Friday, October 24, 2008

Race: WTF?




















































Lately i've been interested in race and what makes people what race. Well, I dont think race exists at all after a ton of research. I think that race is just what a lot of biologists say it is ; a social construct.










Let's look at what we know of race. When we think race you might think, Black, White, Asian an that's about it. What about... Melanesians, Amerindians, Indians, Australian Aboriginal.






If you look at a Melanesian that person has dark skin colours, approaching those of a black person from the United States but do they really look 'Black' to you? Same thing with Aborigines. Also Indians.

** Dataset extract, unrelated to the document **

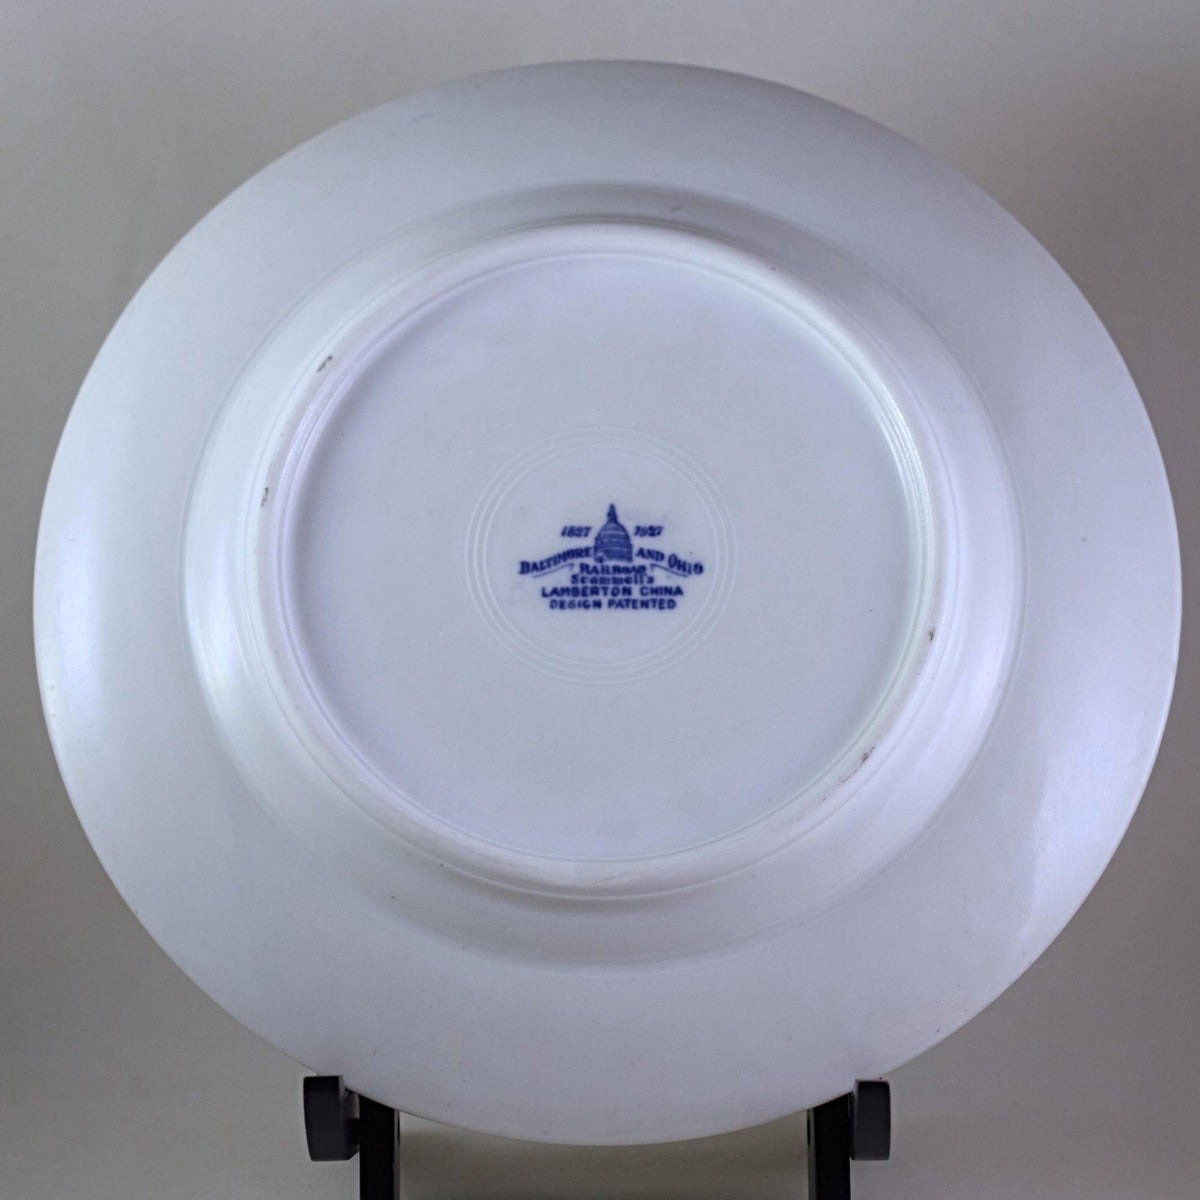 Details about   B&O Baltimore & Ohio Railroad Dining Car China 10.5" Plate Scammell's Lamberton 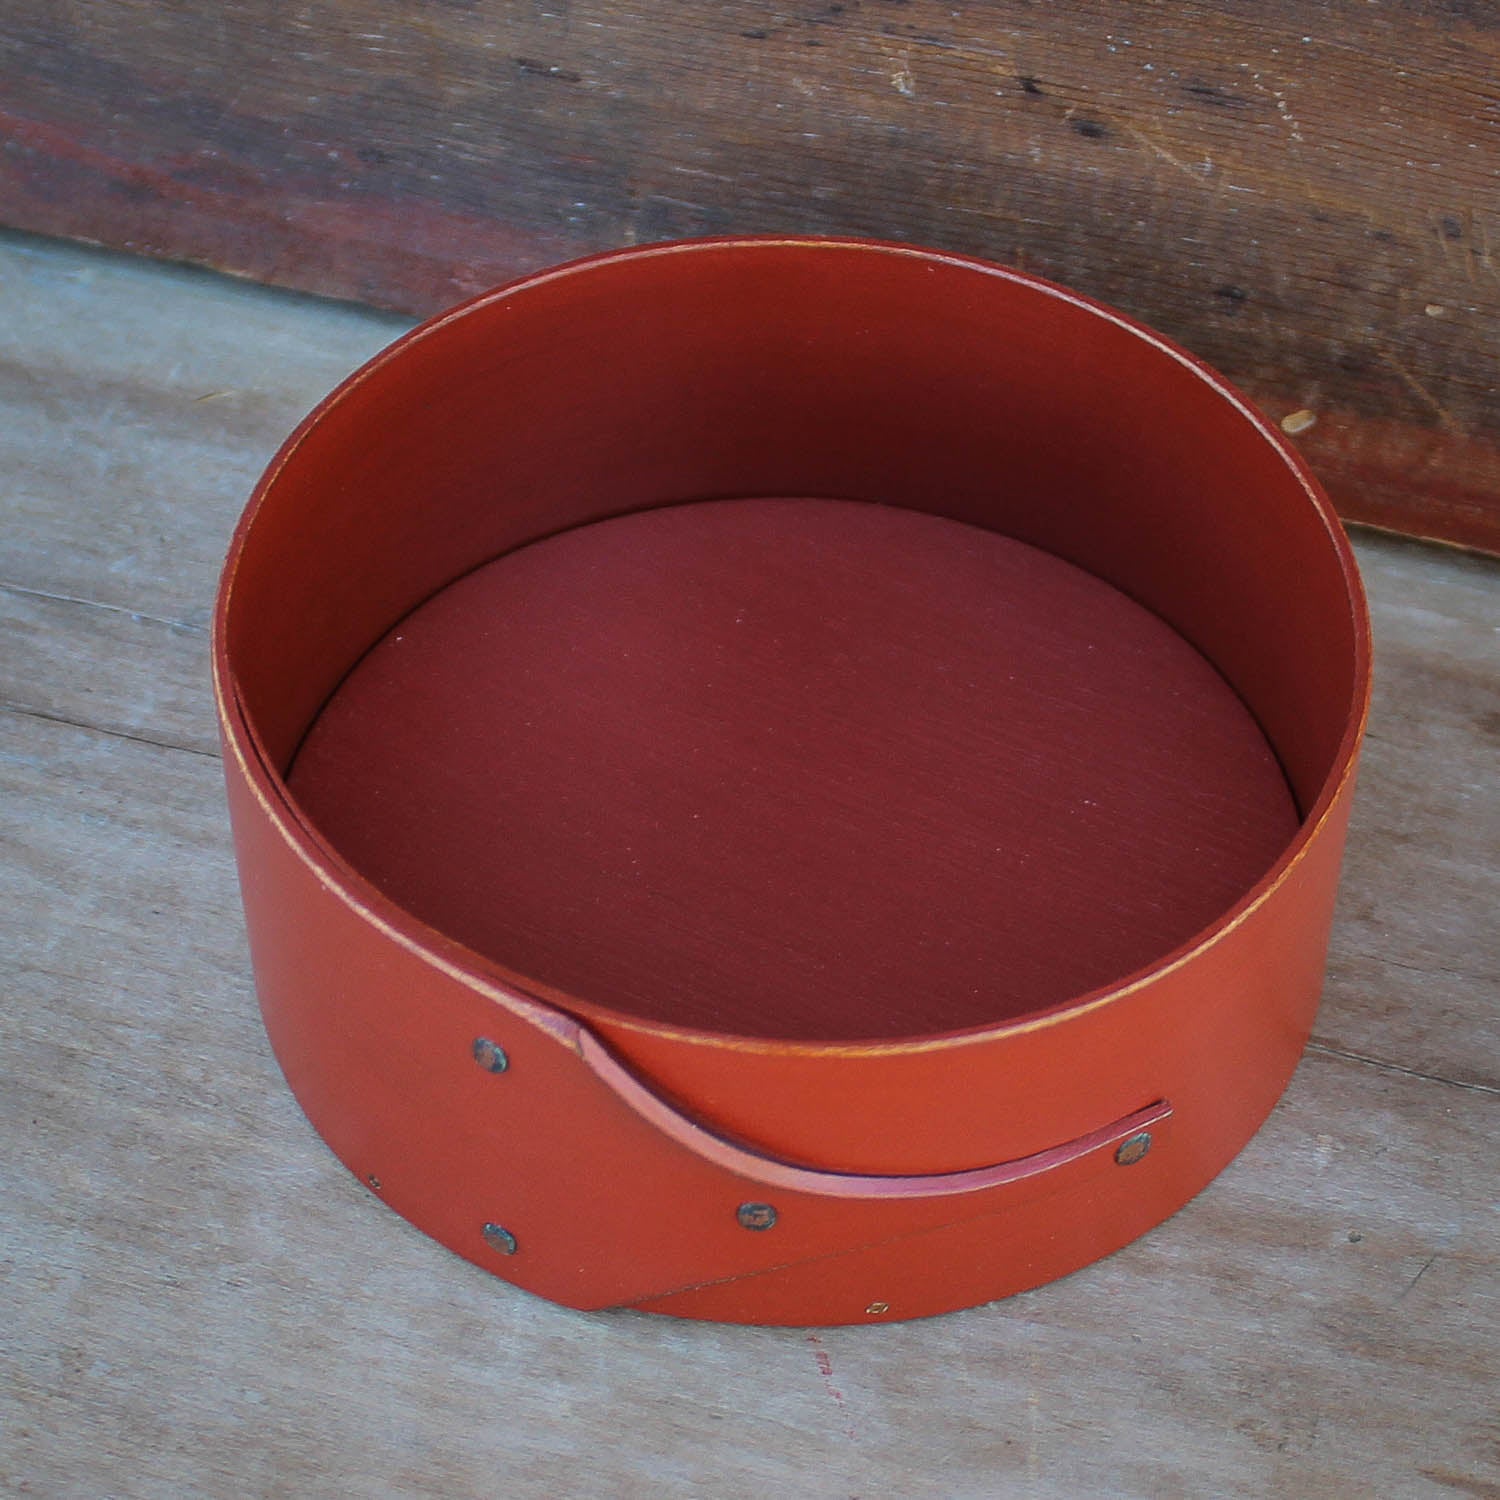 Shaker Style Pin Cushion Base for Needlework, LeHays Shaker Boxes, Handcrafted in Maine, Red Milk Paint Finish, Top View

They can be as pale as Aishwarya Rai to as dark as a Tamil from Southern India? Why is that? Some say they're 'White'. Thats not true either.










Also, if you live in Africa lets say. You'll probably notice some Africans are different from the others. Egyptians dont look like other North Africans sometimes. A Berber wont look like a Fulani and a Fulani won't look like an Igbo. An Igbo won't look like a Tutsi and a Tutsi won't resemble a Baka pygmy and a Baka Pygmy wont look like a Maasai and a Maasai won't look like a Malagasy and Malagasy won't look like a Zulu and a Zulu won't look like a San Bushmen. So much diversity in one continent yet somehow they're all seen as 'Black'. Difficult to understand? I'll help you out.



The notions of Race we're most familiar of come from the United States. A 'Black' person is anyone with African blood. Even Barack Obama even though he's a mixture between Irish Americans and the Luo people from Kenya and a White person is anyone who's fully European. This is due to the social construct of the One-Drop rule which restricts the fluidity of genes a person might see except in Latin America. Stepping away from that let me drop some bomb-shells.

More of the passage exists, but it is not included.